Data block:
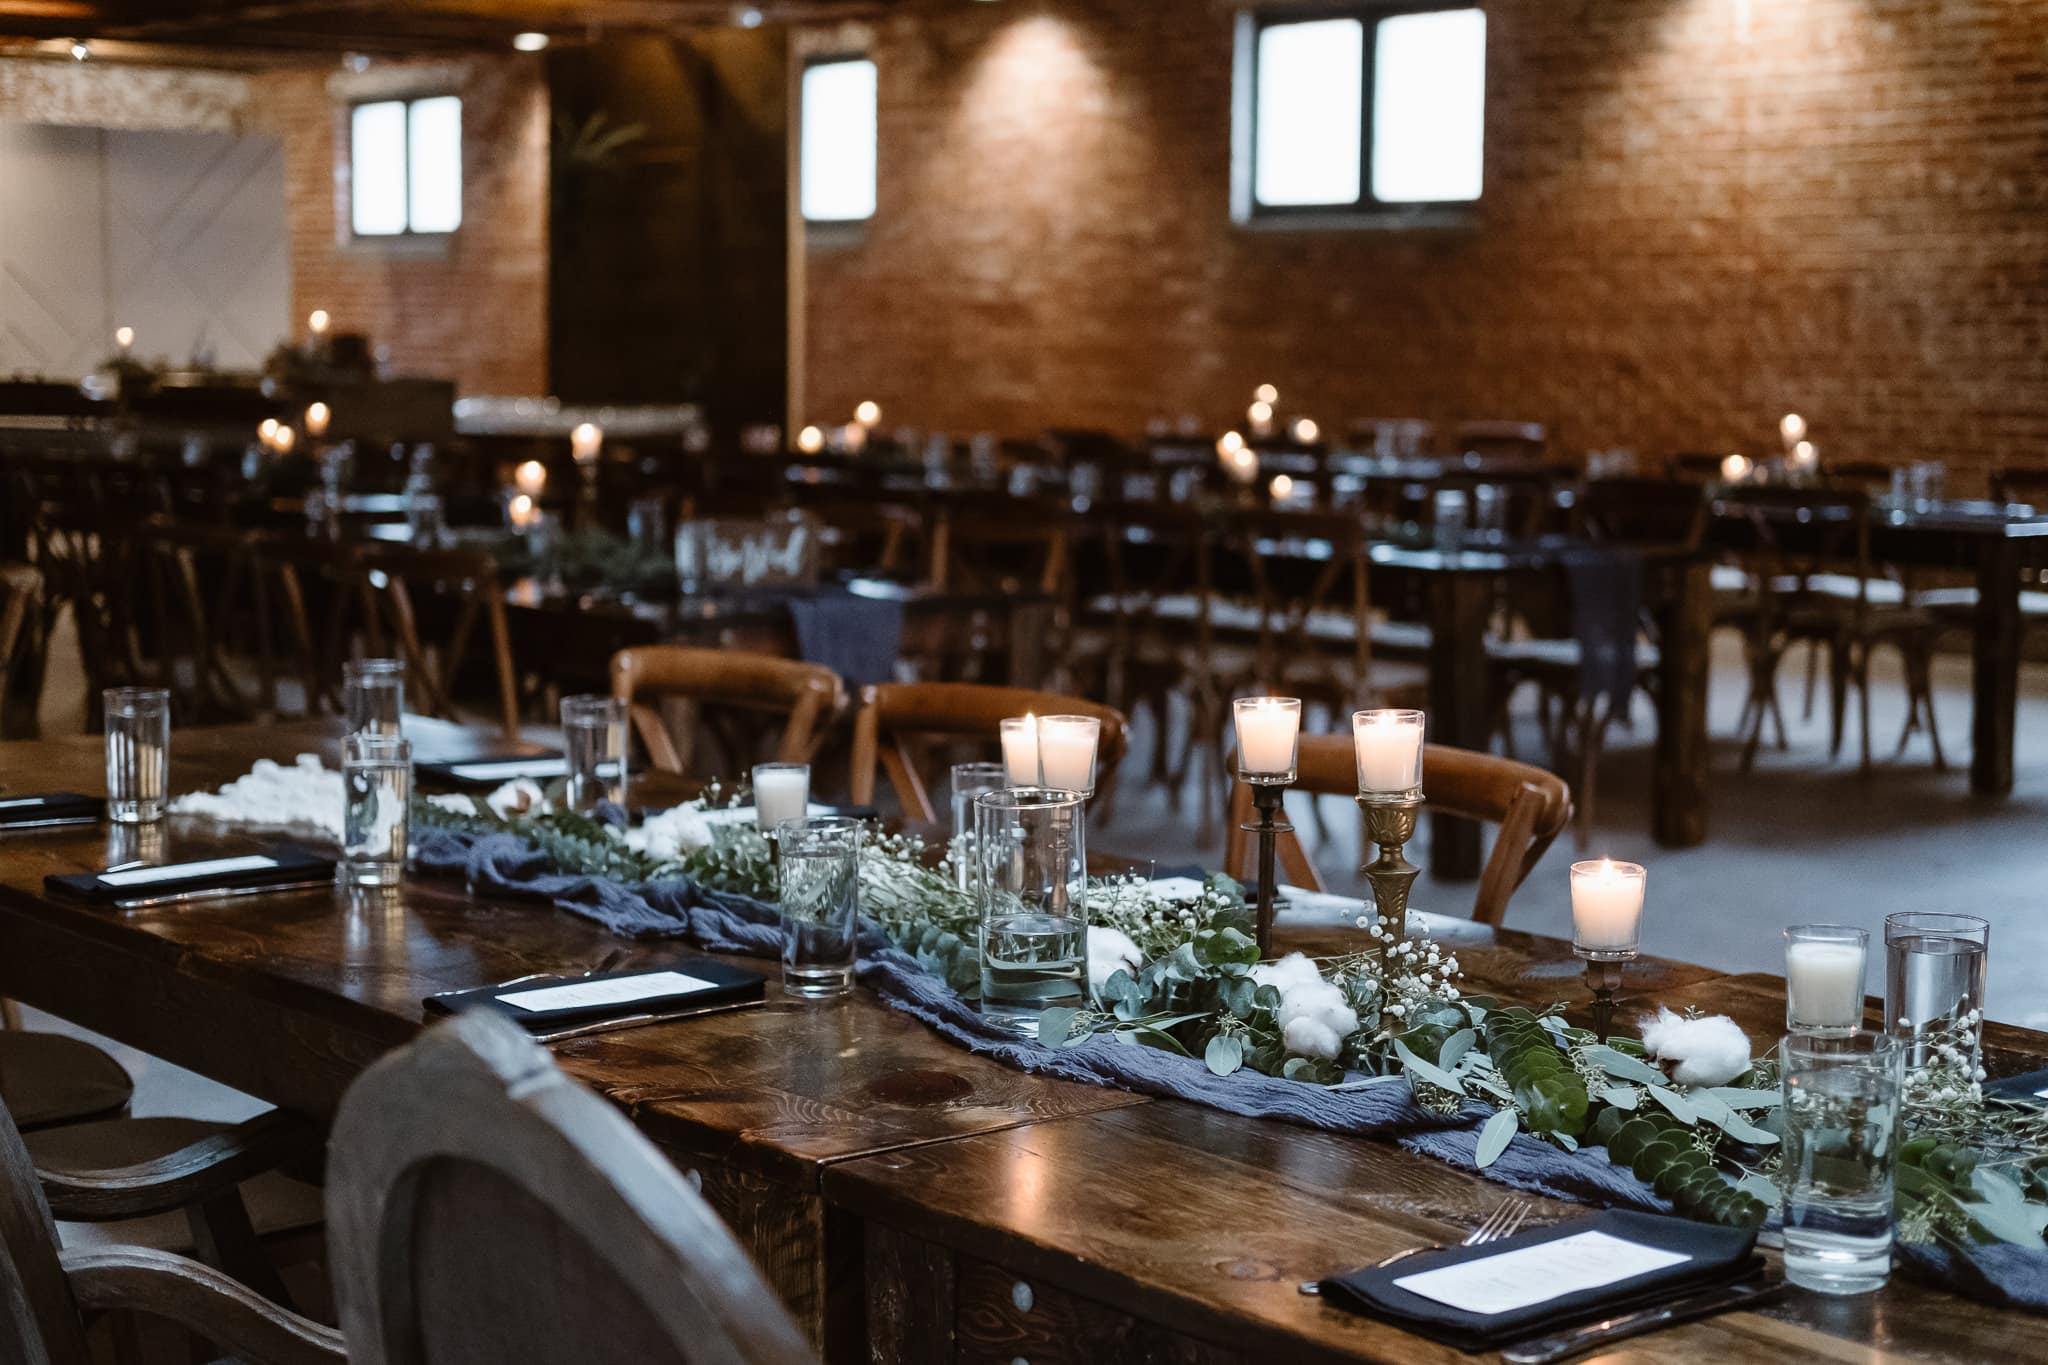 St Vrain Wedding Photographer | Longmont Wedding Photographer | Colorado Winter Wedding Photographer, Colorado industrial chic wedding ceremony, reception decor with navy and dark wood, planning by Brindle + Oak
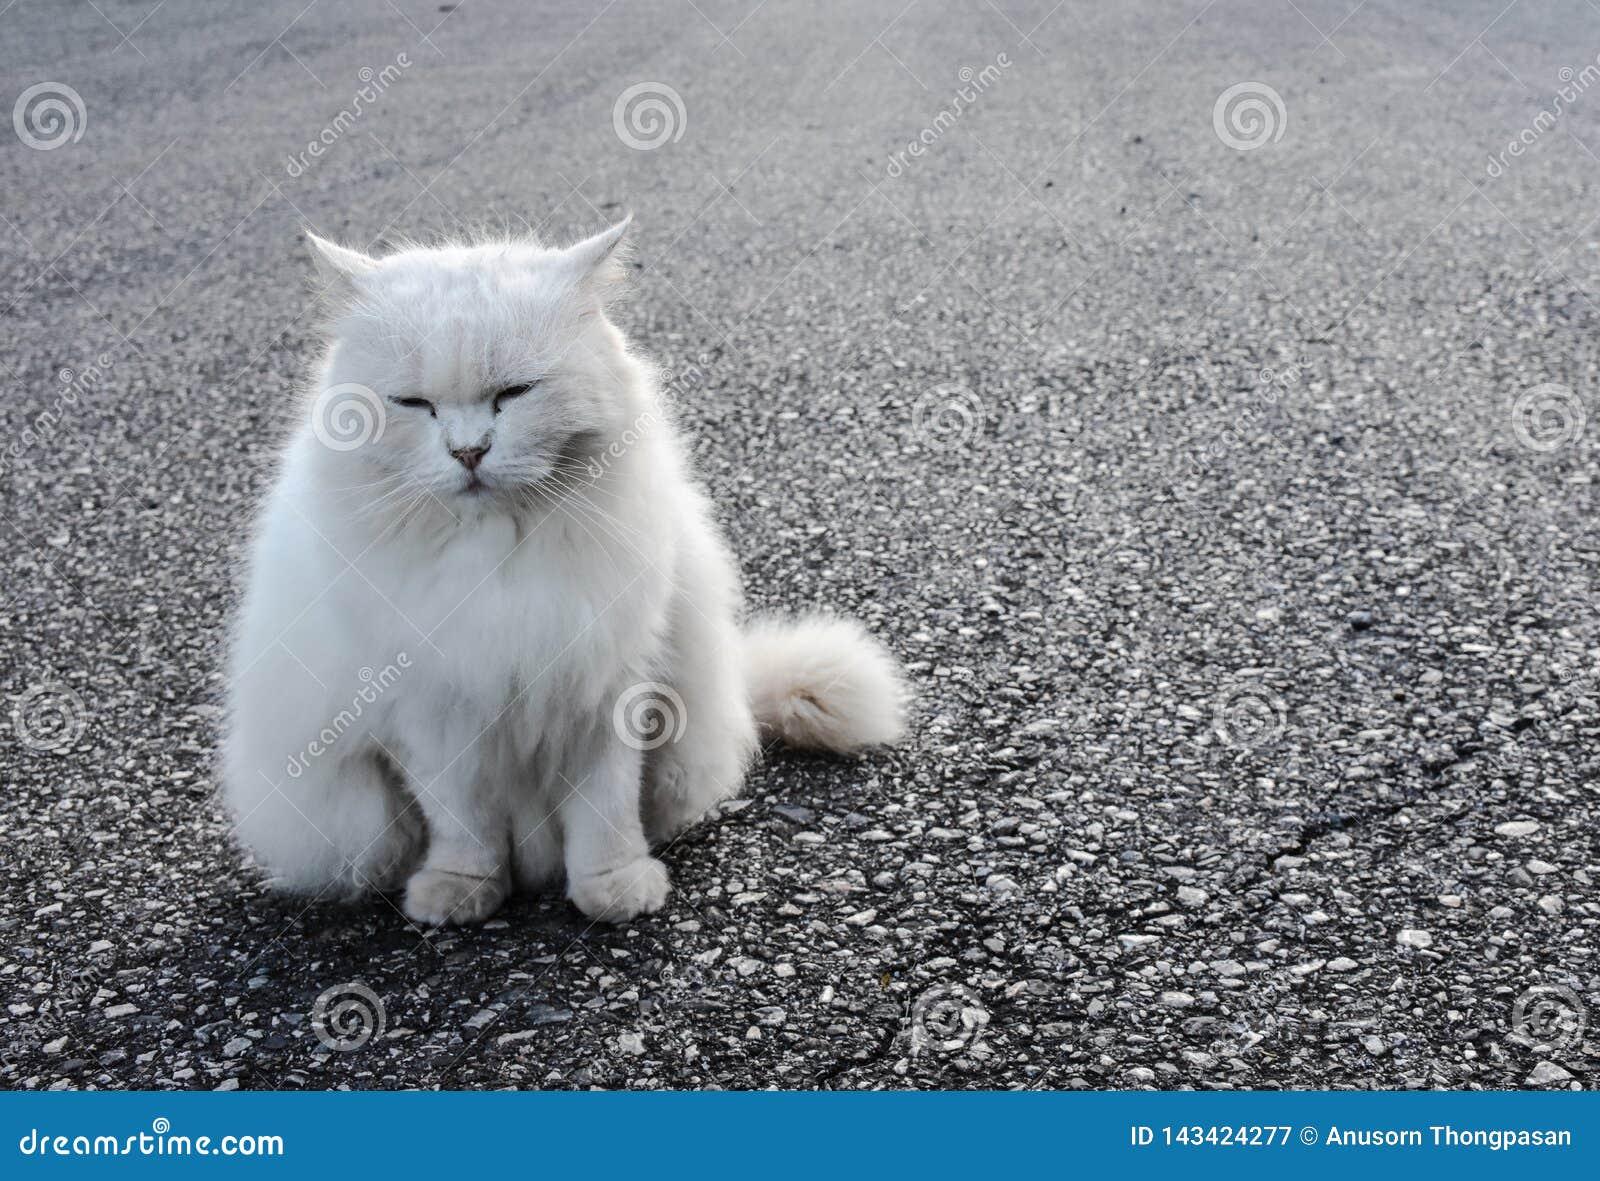 The white cat is sitting looking straight ahead.,defocus,spot focus
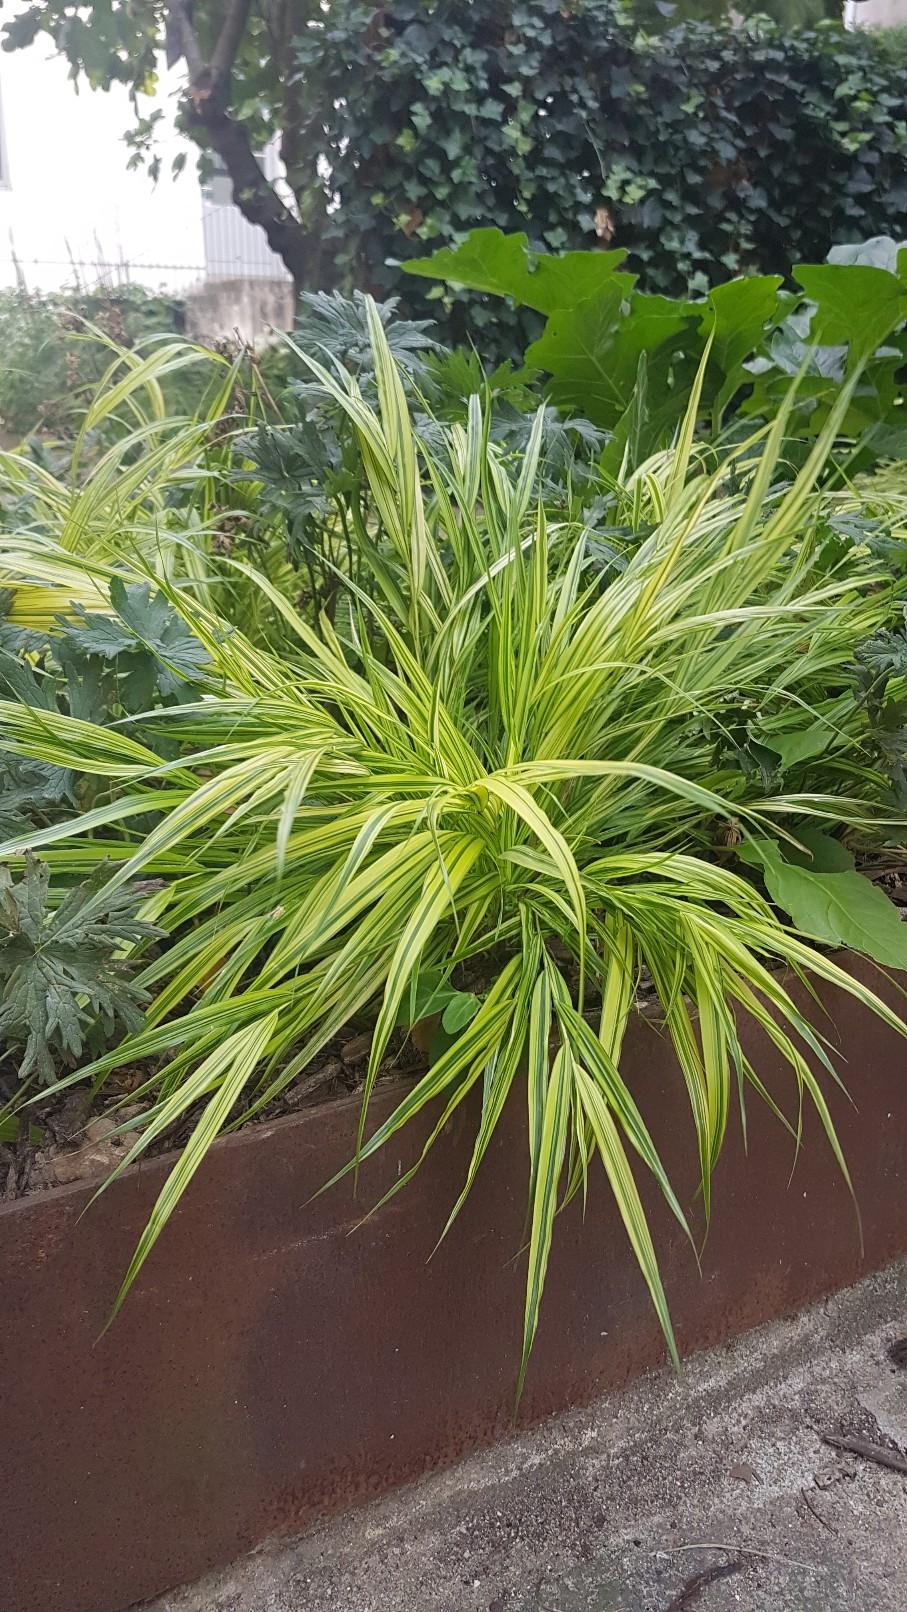 Hakonechloa macra, Chasmanthium latifolium, Euphorbia 'Diamond Frost' [identifications] 20180378
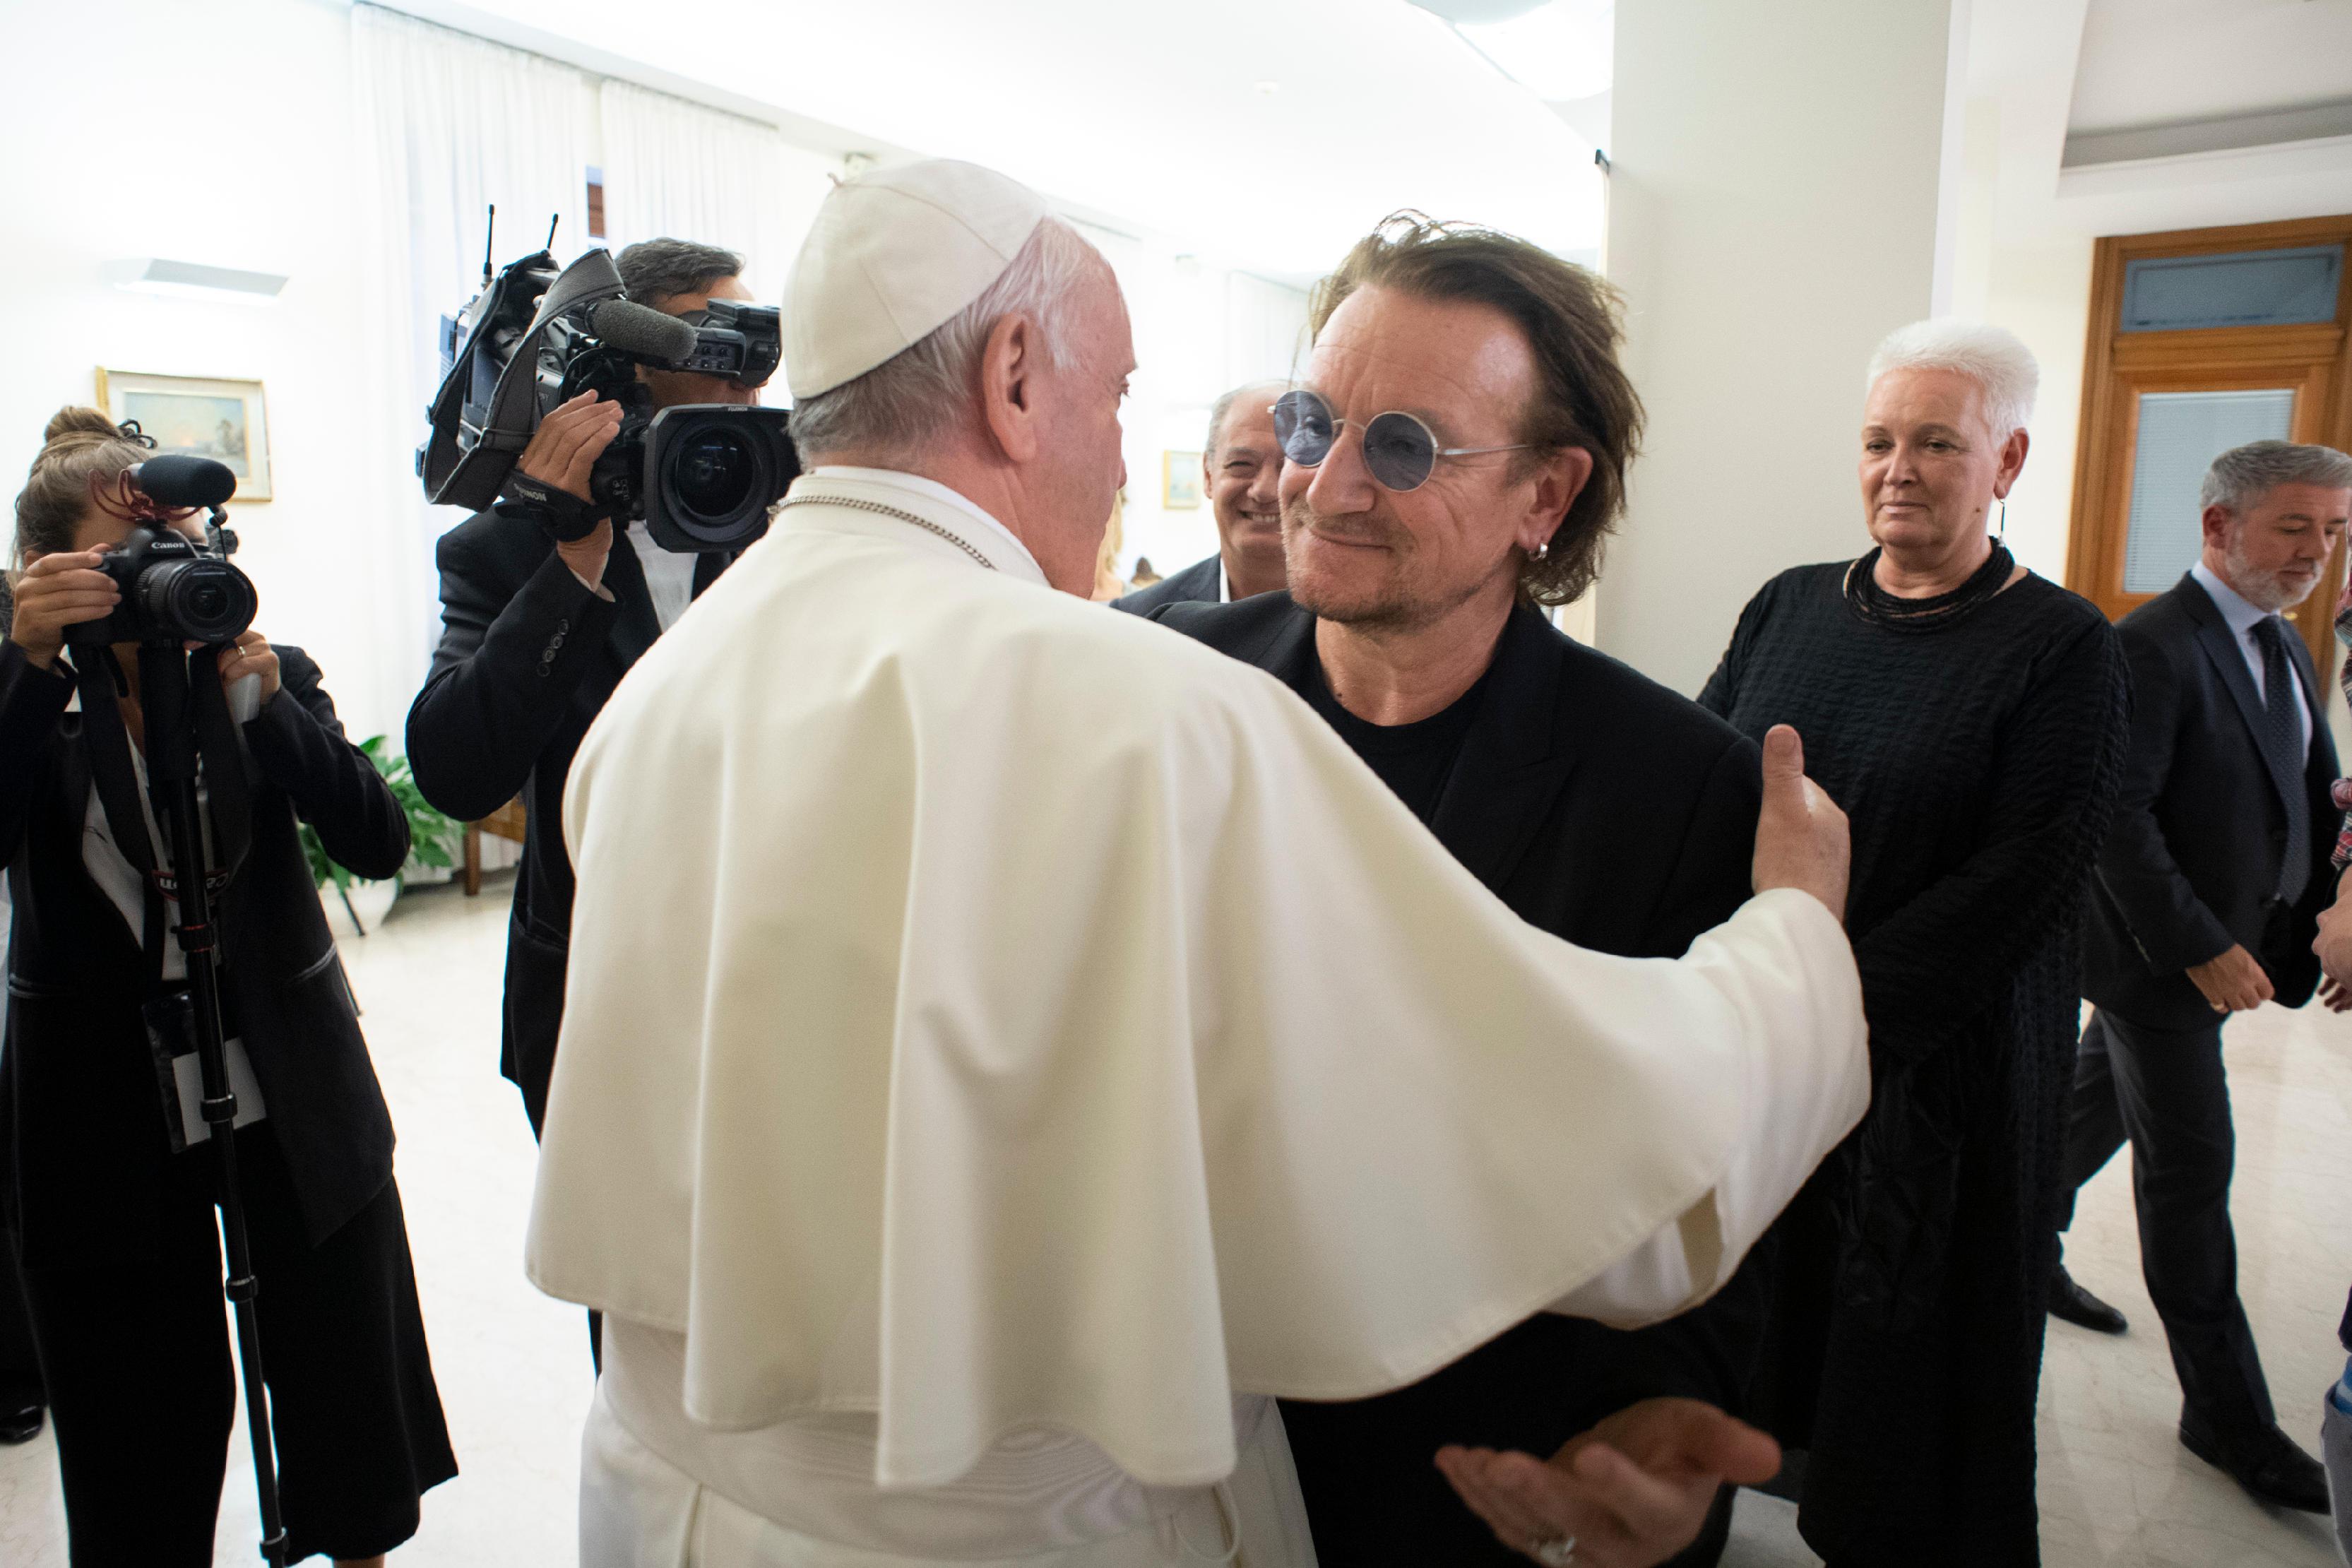 Francisco abraza a Bono Vox, cantante de U2 © Vatican Media

What is needed:
Word for word, reproduce all the data, but not the pictures.

Result of this task:
 St Vrain Wedding Photographer | Longmont Wedding Photographer | Colorado Winter Wedding Photographer, Colorado industrial chic wedding ceremony, reception decor with navy and dark wood, planning by Brindle + Oak
 The white cat is sitting looking straight ahead.,defocus,spot focus
 Hakonechloa macra, Chasmanthium latifolium, Euphorbia 'Diamond Frost' [identifications] 20180378
 Francisco abraza a Bono Vox, cantante de U2 © Vatican Media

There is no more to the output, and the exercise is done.